In my humble opinion, we should never execute anyone no matter what. Everytime we do, we delay the advancement of our society and its laws.

Anonymous said...

Jamie, believe it or not there are some people with the ability to know the previous crimes and conduct of a murderer, and still be able to find it possible to see them as a human being not so far removed from anyone else on the planet. Sympathy does not rely on ignorance.

Anonymous said...

The phrase "cruel and unusual punishment" is so subjective as to be meaningless. Any punishment that is customary for a particular crime is not unusual. Any "punishment" worthy of the name would necessarily be deemed "cruel" if inflicted on someone who didn't deserve it. After all, who would consider it a kindness to be locked up for a day, much less years? And the Supreme Court has recognized over the years that "cruel and unusual" means different things as time goes on (which sounds suspicious to me coming from a group that puts so much emphasis on the intention of the framers.)

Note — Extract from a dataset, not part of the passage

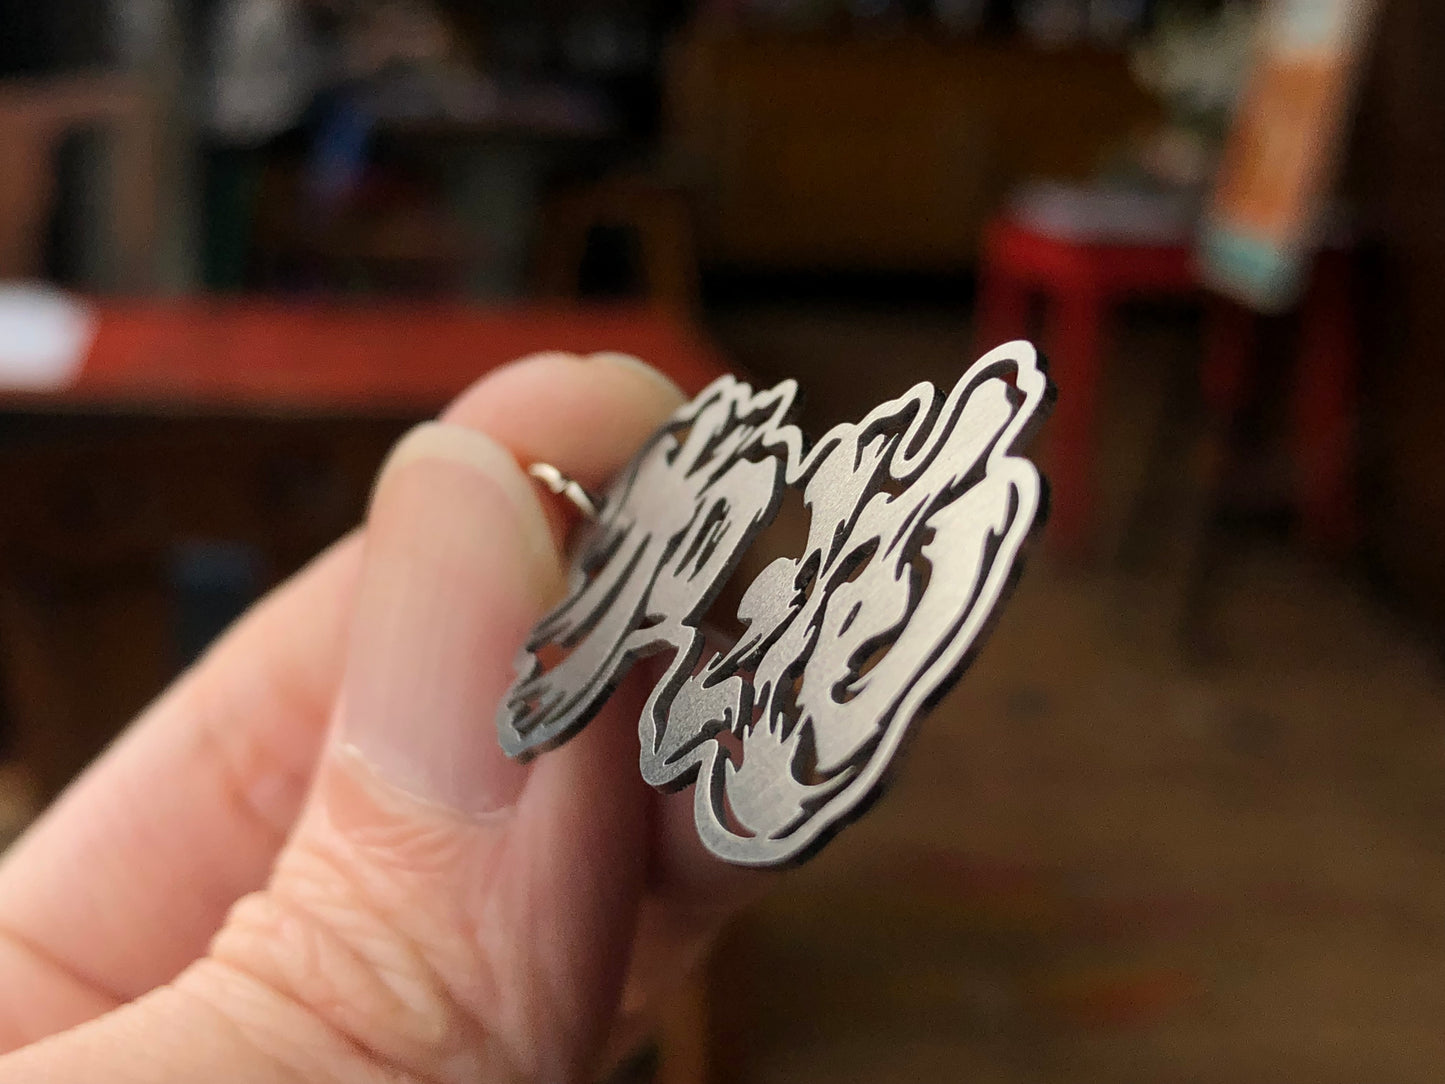 為香港人加油不銹鋼及黃銅匙扣 Stainless steel keychain 🇬🇧 Made in Britain✨New Arrival✨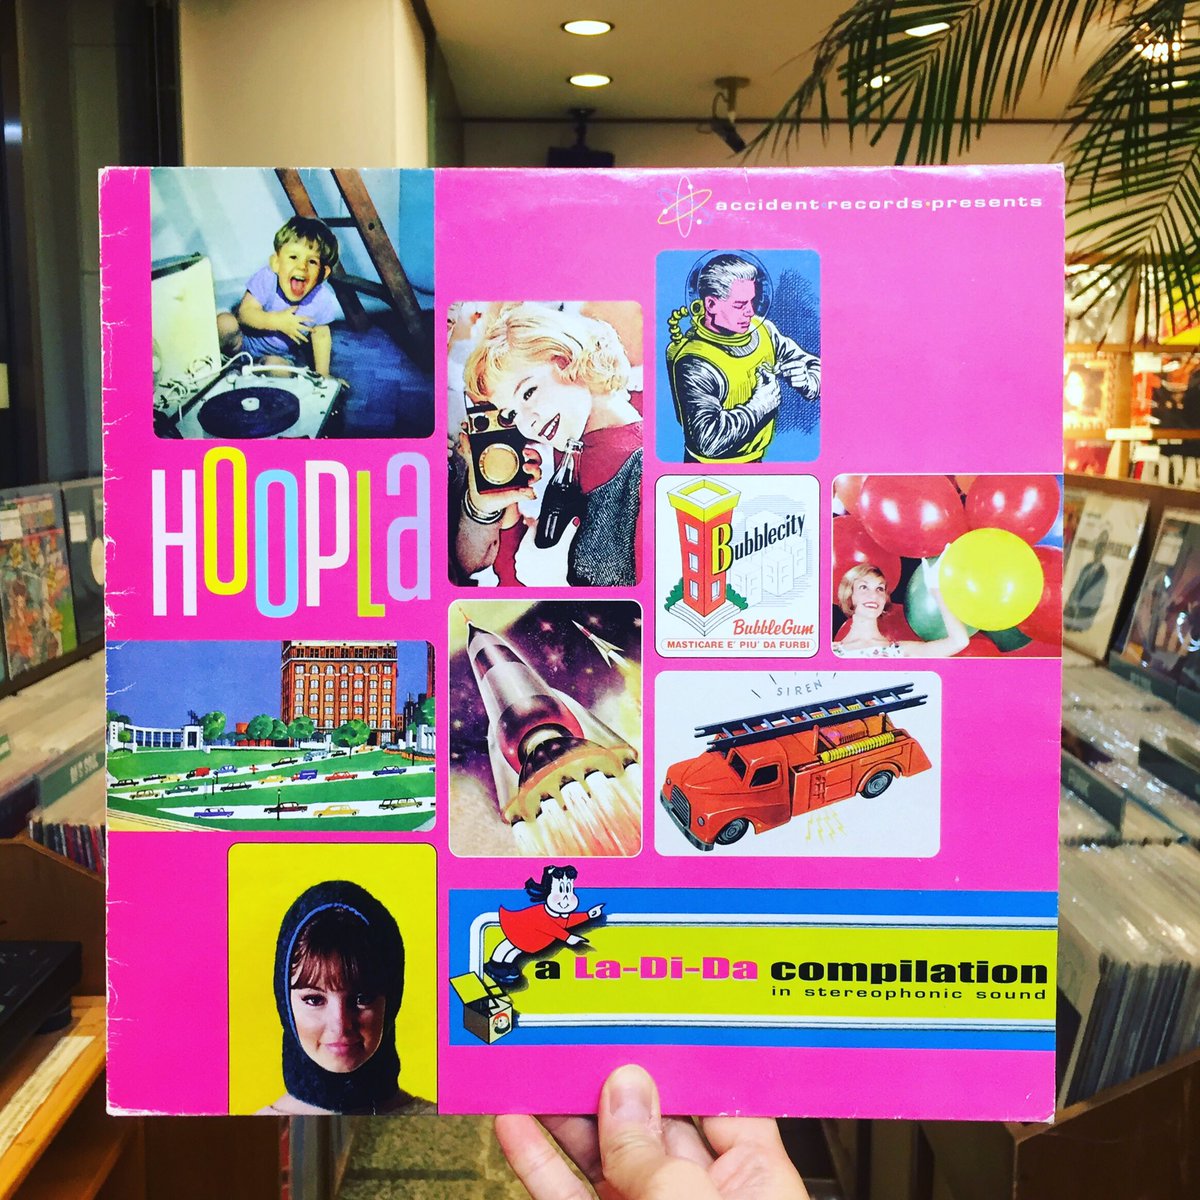 ココナッツディスク吉祥寺店y Hoopla A La Di Da Compilation ロリポップソニック Exotic Lollipop が収録されている事で有名な インディポップレーベルla Di Daがリリースしたコンピカセット の 嬉しいlp化盤 ヴァイナルレコードでロリポップを

There are certainly people who feel like death is an unjust punishment no matter how painless or gentle it is. There are others who feel that the murderer should be put through the same amount of pain and suffering as his victims. IMO, the whole thing boils down to: what do most people think constitutes a just and morally defensible punishment for the crime committed. This whole issue should be left to the legislatures and the voting citizens.